February 14th is special for him, Zielinski says, only because it marks the Roman Catholic Church's feast of saints Cyril and Methodius, 9th Century missionaries who translated the Bible and brought the church to Slavic-speaking nations. Zielinski celebrated the saints' memories at Mass that morning, which might qualify as the most significant activity he's done on a Valentine's Day since he exchanged cards with his grade school classmates at St. Zachary Catholic School.

"I've never gotten anybody any flowers on Valentine's Day or anything like that," Zielinski says matter-of-factly.

He understands that society doesn't necessarily share his view on the importance of virginity. Even the same people who preach about the need for a high school freshman girl to keep her virginity often conclude that a man who hasn't had sex with a woman by age 37 is either gay, asexual, a pedophile or plain-old weird.

"I'm not naive," says Zielinski, who played college baseball, still plays for a semipro team in Addison and acknowledges that he's been teased, ridiculed and called names because he hasn't had sex.

"They'll say, 'You're a loser,'" Zielinski says, recalling one critic who had been married five times. "I don't know, to see people constantly hooking up, who's the real loser? You're not really being a real man."

A devout Catholic who went to Benedictine University in Lisle and Dominican University in River Forest and now works as a baseball coach and substitute teacher, Zielinski points to celebrities and athletes who preach celibacy.

"Jesus didn't have sex," he adds.

But even churches that talk of "family values" often promote the idea that abstinence is a temporary burden and "singles must be married off as quickly as possible because after a certain age, we can no longer say no to sexual activity," writes Wheaton College professor Christine A. Colón in the book, "Singled Out: Why Celibacy Must Be Reinvented in Today's Church," which she co-authored with Bonnie E. Field, an educational consultant in Georgia who has taught at Christian colleges.

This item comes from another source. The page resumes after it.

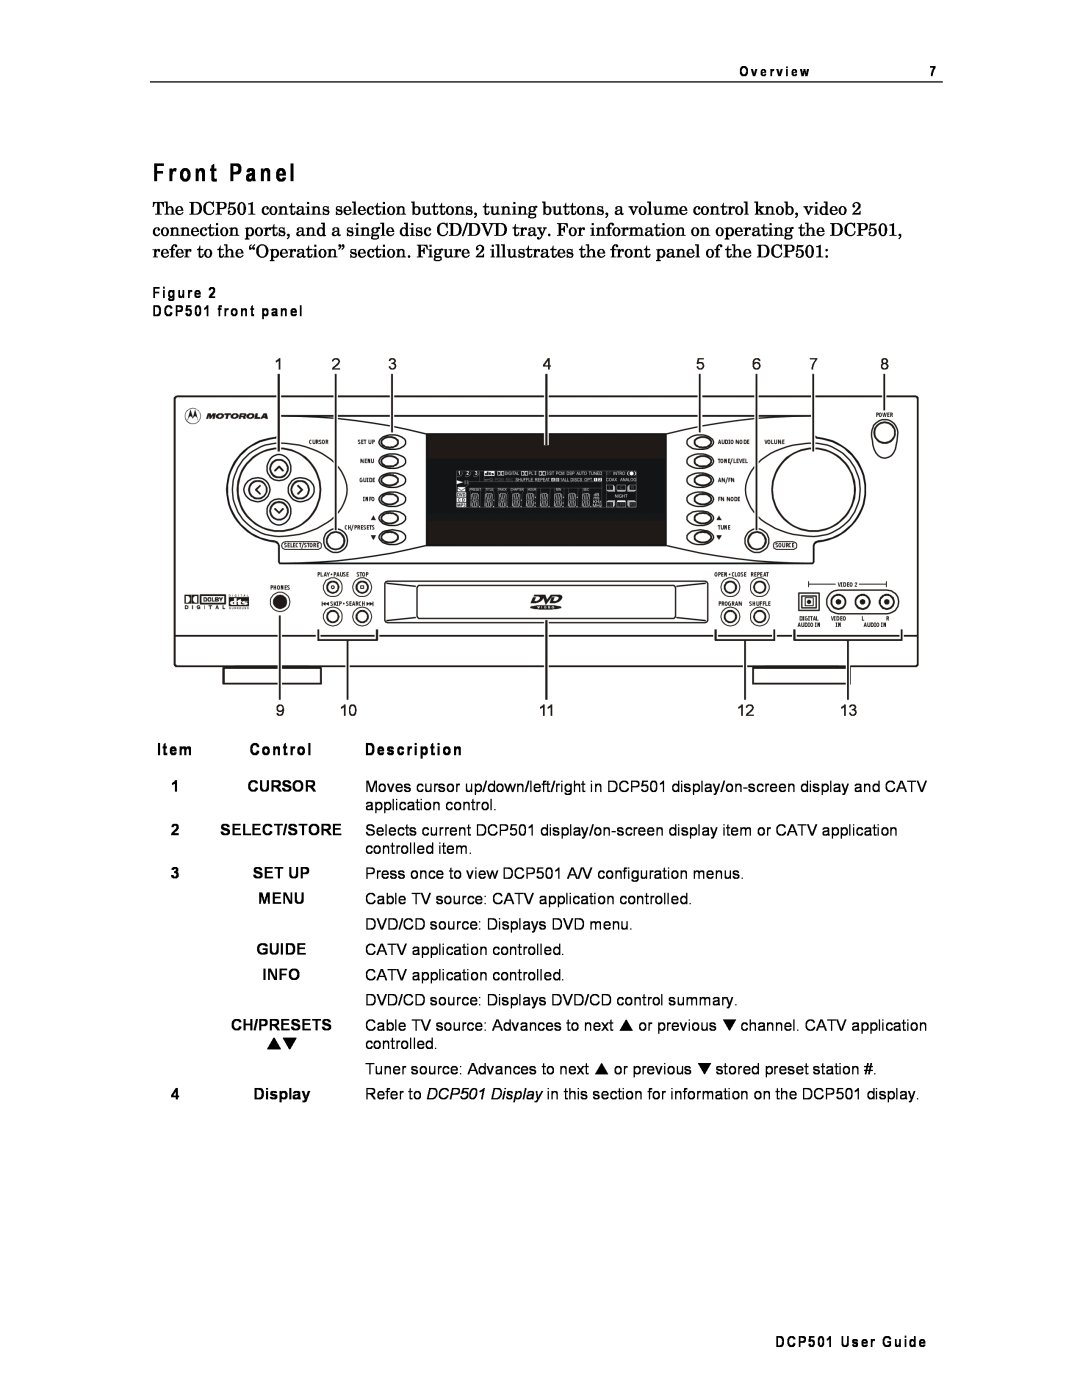 Motorola DCP501 manual F ro n t P an el, Item Control Description

"The phrase, 'Wait until marriage,' begins to lose its power when you realize that the 'until marriage' part might never come," they write.

Zielinski, who says he has had only a few dates in his life and is now looking for a partner on CatholicMatch.com, acknowledges that he didn't really have a chance to lose his virginity in high school or college when many of his peers had sex. He wasn't a stud athlete and he had bad skin, he says.

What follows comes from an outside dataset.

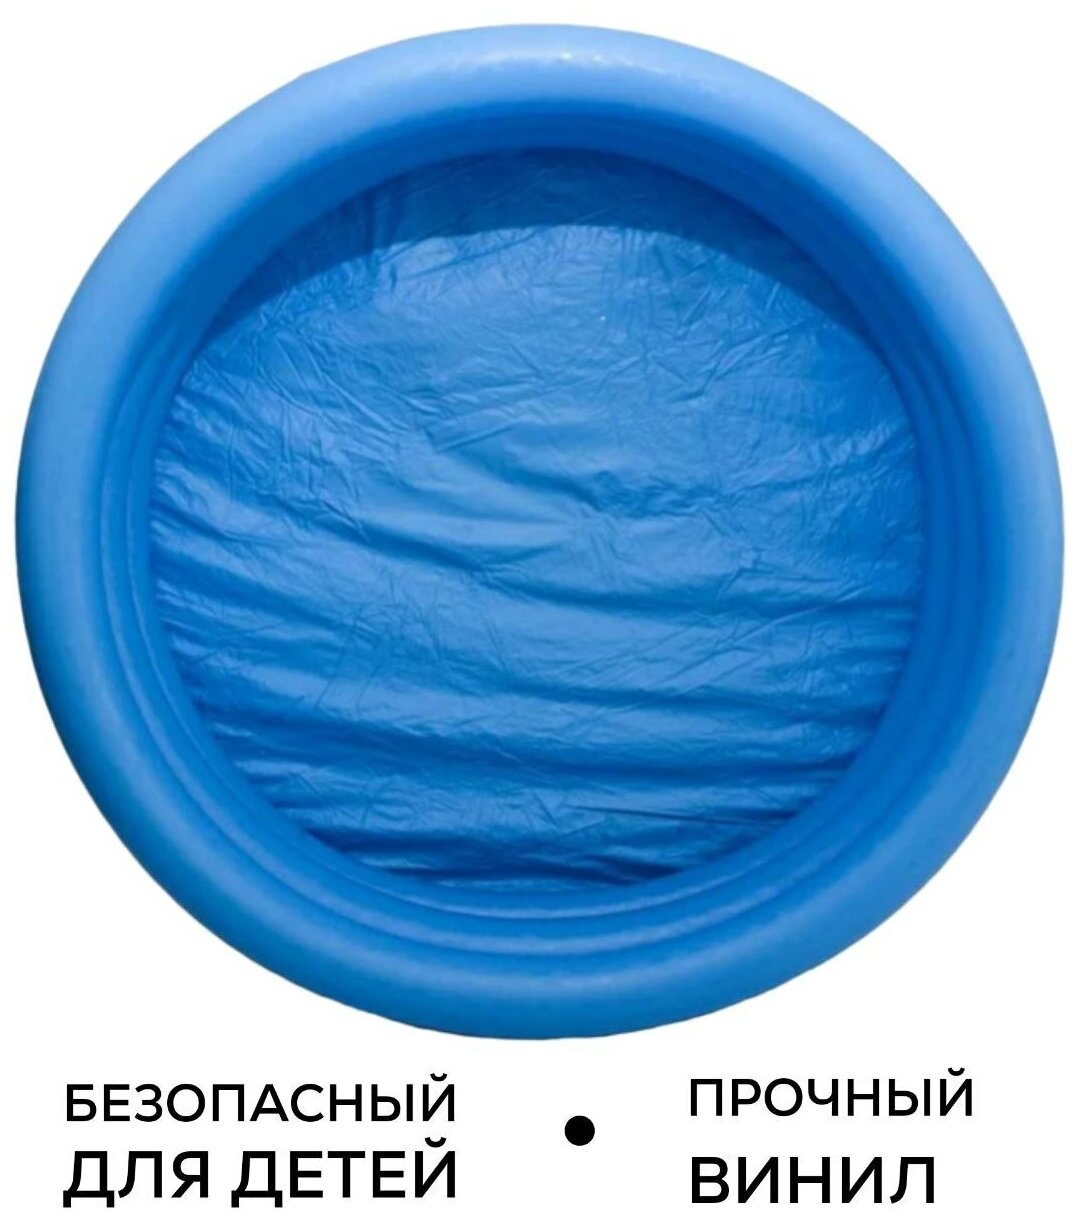 Intex / Бассейн детский надувной, не каркасный, для детей от 3х лет, 114х25см, 156 л

"In the end, not being a chick magnet is a blessing in disguise," says Zielinski, who adds that he might not have had the strength and maturity to resist temptation then. "Should I ever get married, I want my bride to know, regardless of where she was, I was waiting for her and her alone. I want to give myself to her as a gift that no one else could have."

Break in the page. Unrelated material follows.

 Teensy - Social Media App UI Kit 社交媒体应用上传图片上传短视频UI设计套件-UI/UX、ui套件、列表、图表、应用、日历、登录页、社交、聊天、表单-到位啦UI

Colón and Field conclude that churches and single people "need to embrace the call to singleness as a blessing rather than a curse" and "uncover a positive biblical understanding of singleness, specifically long-term, intentionally celibate singleness."

"There are plenty of virgins in hell and plenty of prostitutes in heaven," says Zielinski, who adds that he'll be a contented 90-year-old virgin if that's where his life takes him.

"I just want to do what (God's) will is," Zielinski concludes. "Knowing God is better than sex."